Data provided below:

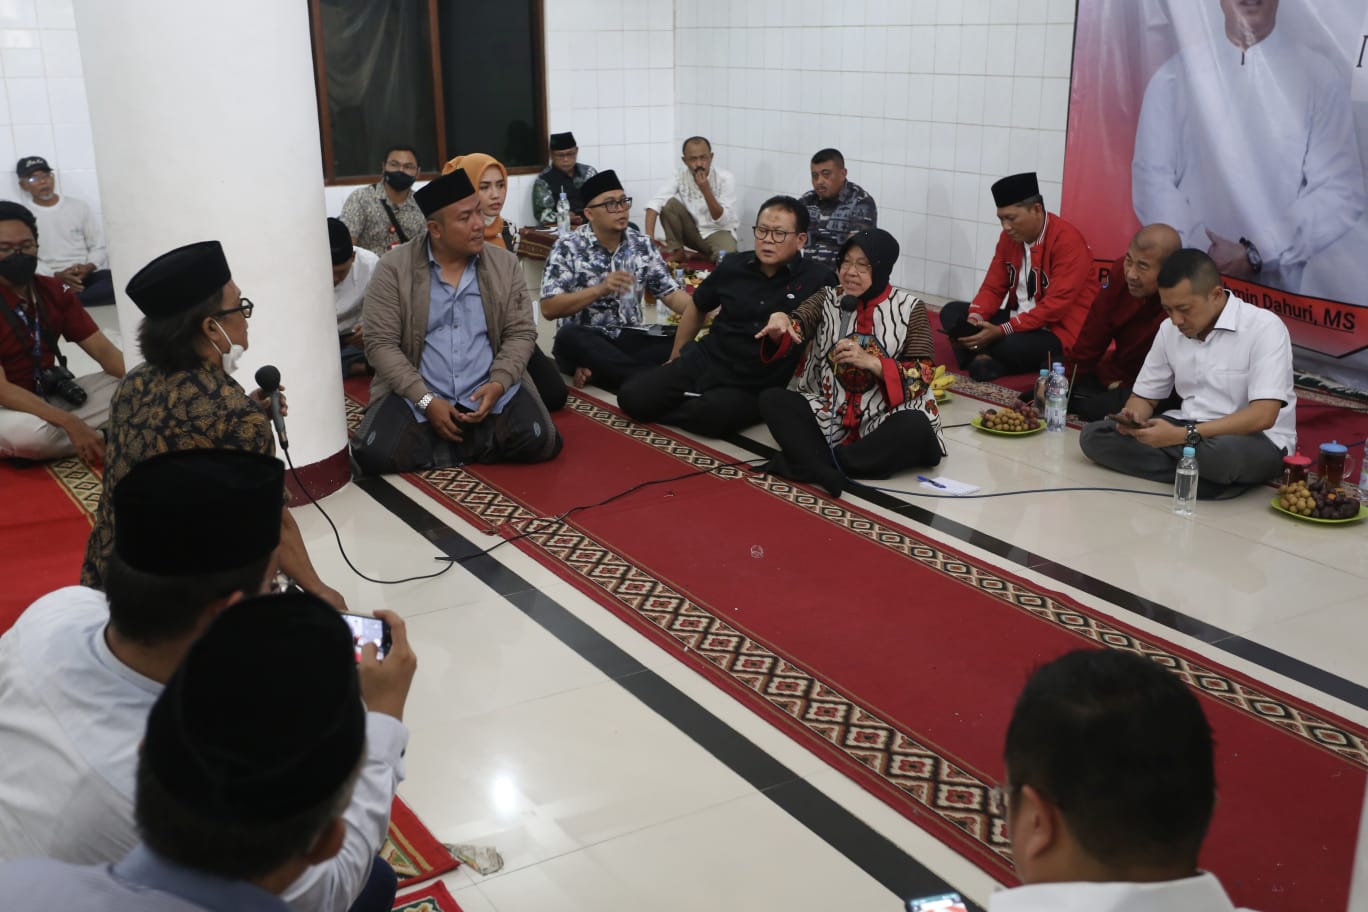 Social Affairs Minister Has an Aspiration Discussion with the Fishermen in Cilincing Jakarta
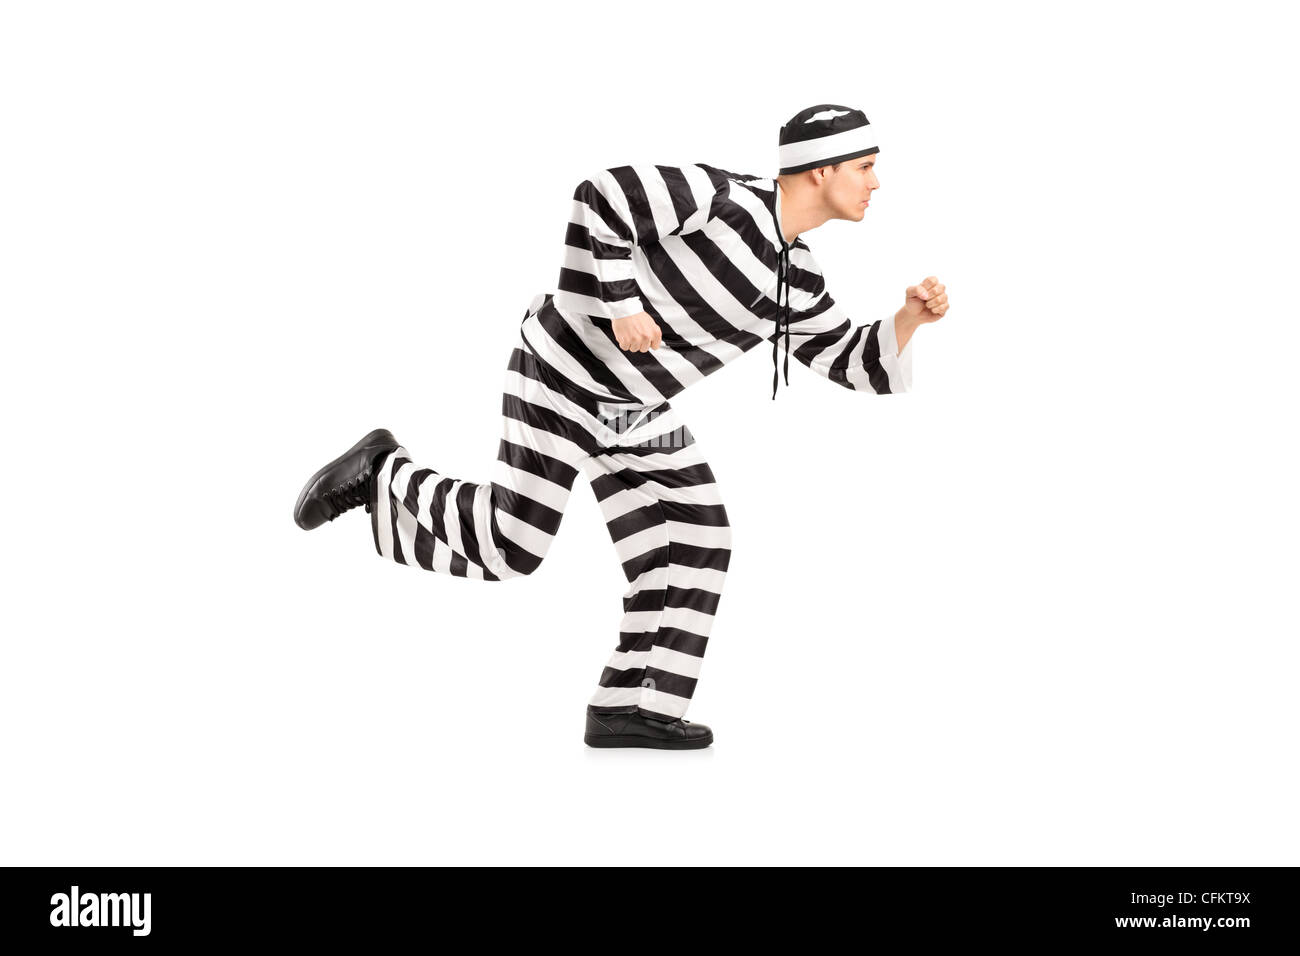 Full length portrait of a prisoner escaping isolated on white background Stock Photo
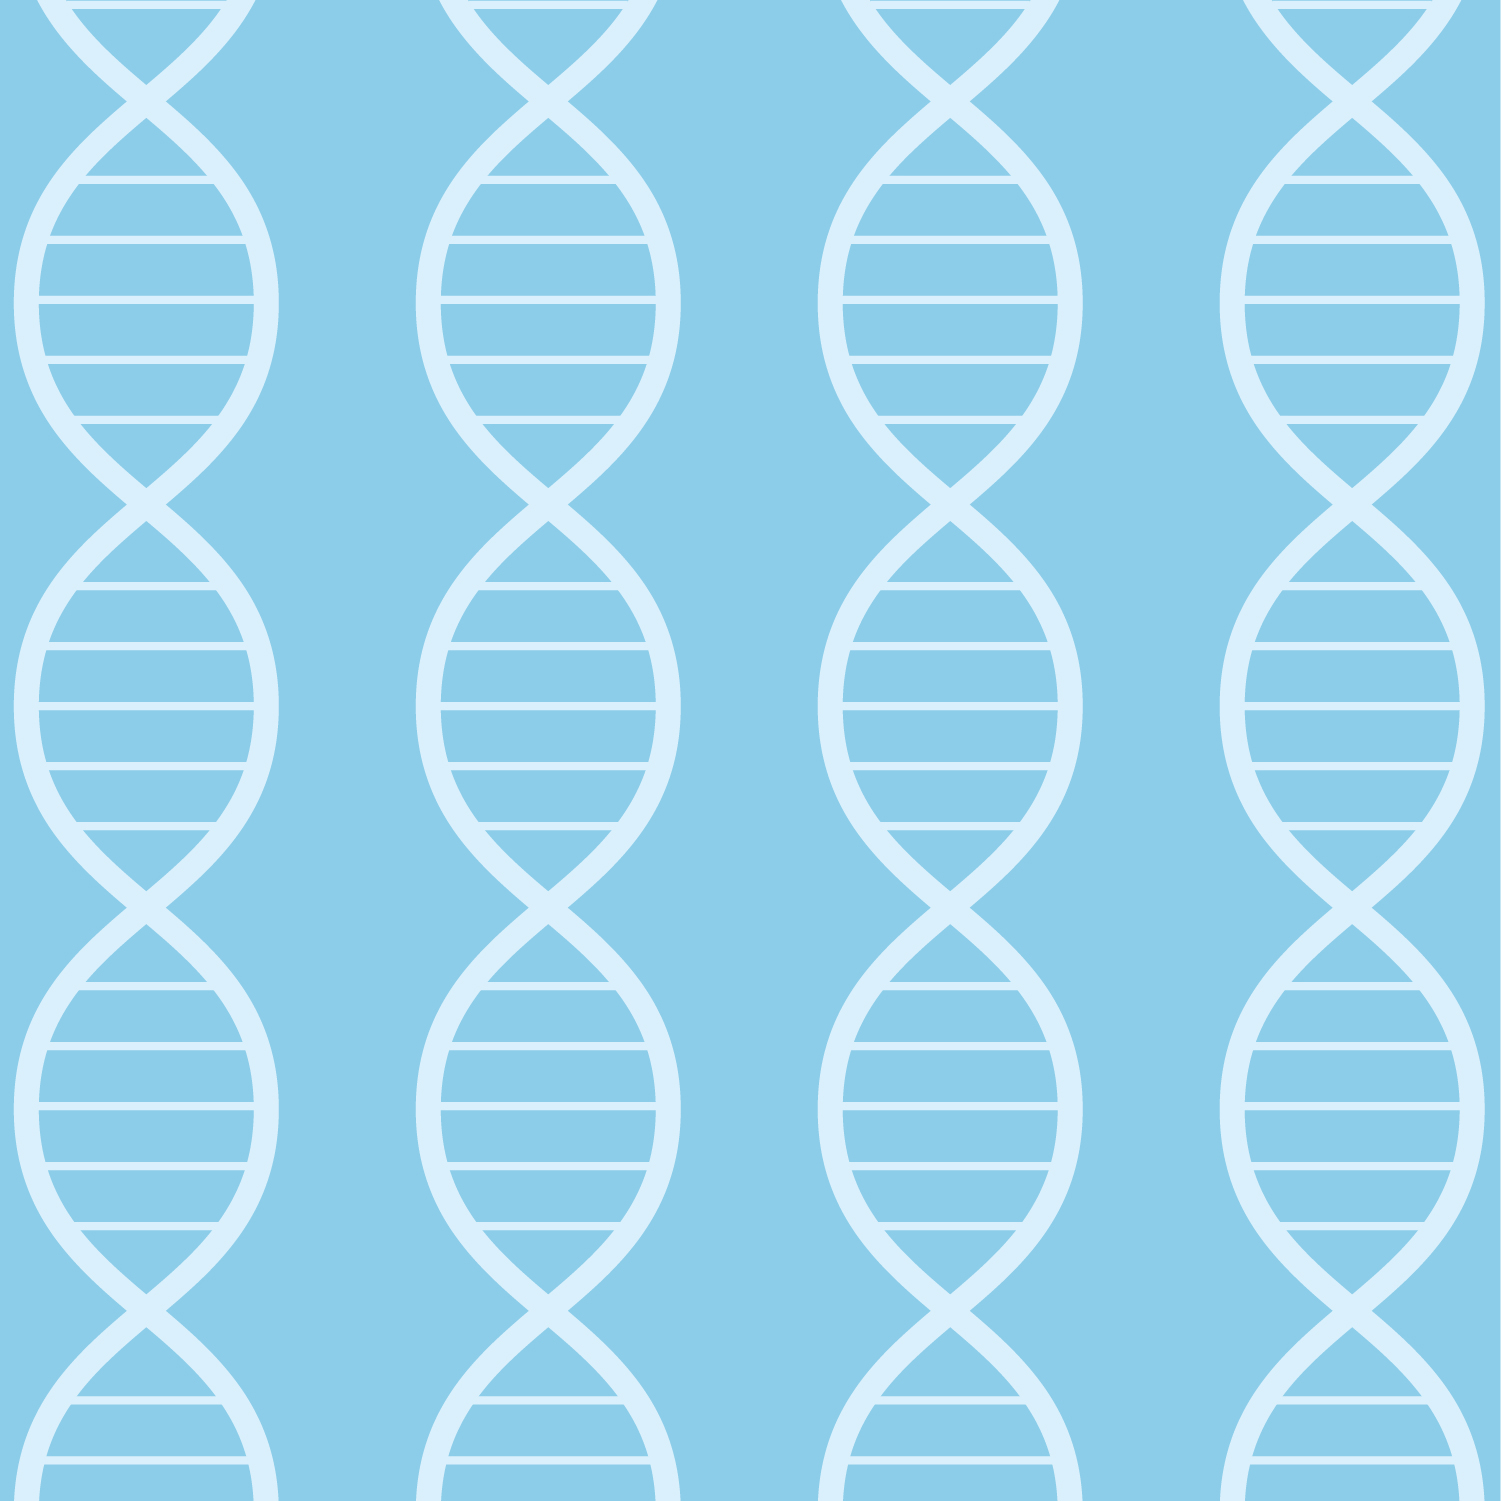 Simple DNA drawing in white with a light blue background.

End of Data provided.

## What to produce
Without including any pictures, reproduce the data exactly.

## Exercise result
 Social Affairs Minister Has an Aspiration Discussion with the Fishermen in Cilincing Jakarta
 Full length portrait of a prisoner escaping isolated on white background Stock Photo
 Simple DNA drawing in white with a light blue background.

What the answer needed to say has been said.